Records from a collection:
..........

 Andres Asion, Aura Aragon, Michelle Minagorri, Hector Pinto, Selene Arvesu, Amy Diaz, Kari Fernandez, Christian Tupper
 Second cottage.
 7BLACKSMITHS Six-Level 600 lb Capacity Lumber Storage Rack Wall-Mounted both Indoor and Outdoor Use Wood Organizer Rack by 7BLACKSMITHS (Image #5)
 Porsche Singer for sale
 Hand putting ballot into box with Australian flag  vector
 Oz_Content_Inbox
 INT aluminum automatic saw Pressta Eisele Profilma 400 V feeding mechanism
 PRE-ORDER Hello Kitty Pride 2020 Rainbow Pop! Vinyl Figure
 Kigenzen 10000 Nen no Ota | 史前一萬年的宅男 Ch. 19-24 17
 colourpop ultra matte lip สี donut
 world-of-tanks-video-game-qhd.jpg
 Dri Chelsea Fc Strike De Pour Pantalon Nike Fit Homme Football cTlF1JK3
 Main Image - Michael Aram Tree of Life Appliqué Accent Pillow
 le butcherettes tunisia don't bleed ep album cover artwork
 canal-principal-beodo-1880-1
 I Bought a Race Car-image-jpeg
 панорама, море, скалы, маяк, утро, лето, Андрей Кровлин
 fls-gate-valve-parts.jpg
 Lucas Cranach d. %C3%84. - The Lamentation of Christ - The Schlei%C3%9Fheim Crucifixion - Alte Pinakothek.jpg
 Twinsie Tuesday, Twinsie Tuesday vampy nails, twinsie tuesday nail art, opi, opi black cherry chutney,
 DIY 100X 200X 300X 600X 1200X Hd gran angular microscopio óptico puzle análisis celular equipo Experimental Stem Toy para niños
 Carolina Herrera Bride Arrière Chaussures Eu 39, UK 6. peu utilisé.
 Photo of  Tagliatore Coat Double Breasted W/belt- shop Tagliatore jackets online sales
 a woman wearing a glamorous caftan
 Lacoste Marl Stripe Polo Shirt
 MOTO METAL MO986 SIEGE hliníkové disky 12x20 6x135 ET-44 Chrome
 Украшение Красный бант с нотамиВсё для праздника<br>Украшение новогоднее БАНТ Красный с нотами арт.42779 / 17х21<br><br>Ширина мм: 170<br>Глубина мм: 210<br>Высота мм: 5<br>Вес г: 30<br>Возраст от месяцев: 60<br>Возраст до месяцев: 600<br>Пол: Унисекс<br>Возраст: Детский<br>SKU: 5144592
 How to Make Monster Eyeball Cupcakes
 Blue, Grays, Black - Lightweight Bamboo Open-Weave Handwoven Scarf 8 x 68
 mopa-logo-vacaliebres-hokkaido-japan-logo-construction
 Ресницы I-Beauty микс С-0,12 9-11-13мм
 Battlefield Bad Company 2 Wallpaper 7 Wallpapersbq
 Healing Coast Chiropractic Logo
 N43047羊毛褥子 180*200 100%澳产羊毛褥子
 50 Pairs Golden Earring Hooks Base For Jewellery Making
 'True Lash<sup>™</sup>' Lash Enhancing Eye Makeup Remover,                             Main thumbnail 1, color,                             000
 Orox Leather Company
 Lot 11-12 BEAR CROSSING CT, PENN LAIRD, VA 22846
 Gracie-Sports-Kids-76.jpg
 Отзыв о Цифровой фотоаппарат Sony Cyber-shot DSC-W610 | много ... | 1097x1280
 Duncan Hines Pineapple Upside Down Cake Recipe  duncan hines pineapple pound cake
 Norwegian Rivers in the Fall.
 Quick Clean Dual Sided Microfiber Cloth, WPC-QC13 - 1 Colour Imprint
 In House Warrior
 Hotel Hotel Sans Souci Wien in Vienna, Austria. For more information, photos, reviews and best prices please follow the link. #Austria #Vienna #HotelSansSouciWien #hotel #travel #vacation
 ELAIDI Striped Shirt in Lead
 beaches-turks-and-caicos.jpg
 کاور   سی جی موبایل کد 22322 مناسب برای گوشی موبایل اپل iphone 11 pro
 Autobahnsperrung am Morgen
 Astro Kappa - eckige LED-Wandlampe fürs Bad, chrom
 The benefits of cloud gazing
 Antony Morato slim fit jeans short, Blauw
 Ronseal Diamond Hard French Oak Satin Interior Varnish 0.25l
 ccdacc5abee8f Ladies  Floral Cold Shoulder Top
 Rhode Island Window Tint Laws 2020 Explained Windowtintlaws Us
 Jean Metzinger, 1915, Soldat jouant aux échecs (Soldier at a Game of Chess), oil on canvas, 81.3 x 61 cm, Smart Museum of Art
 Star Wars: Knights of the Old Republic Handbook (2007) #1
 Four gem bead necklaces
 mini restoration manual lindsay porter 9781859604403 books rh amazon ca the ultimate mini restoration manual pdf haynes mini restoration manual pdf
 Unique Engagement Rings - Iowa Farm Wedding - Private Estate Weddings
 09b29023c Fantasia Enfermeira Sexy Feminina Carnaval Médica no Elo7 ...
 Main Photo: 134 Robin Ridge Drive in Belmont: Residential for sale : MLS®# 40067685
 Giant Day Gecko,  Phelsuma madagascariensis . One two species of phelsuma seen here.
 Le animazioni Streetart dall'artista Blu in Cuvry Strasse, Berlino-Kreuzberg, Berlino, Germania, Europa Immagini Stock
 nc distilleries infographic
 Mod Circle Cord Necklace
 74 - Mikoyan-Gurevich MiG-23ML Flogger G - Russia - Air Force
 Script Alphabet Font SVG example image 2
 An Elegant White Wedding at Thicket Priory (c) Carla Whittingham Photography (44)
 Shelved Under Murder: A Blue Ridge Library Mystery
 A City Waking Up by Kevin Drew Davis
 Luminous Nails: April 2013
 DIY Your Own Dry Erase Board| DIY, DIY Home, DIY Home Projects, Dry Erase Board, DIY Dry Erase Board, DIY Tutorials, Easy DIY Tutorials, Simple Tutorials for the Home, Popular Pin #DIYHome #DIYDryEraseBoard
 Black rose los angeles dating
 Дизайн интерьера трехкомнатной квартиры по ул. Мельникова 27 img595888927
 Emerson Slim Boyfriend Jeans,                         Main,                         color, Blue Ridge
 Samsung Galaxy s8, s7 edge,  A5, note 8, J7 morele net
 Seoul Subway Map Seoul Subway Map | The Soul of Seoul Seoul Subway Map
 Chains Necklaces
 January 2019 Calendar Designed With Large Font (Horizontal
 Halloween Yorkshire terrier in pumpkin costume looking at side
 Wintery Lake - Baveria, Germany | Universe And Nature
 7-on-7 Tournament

..........

◆ **EXERCISE DESCRIPTION**: Copy out, in full, each line above that has the word "Company" in it.

◆ **RESULT OF THE TASK**:
 Battlefield Bad Company 2 Wallpaper 7 Wallpapersbq
 Orox Leather Company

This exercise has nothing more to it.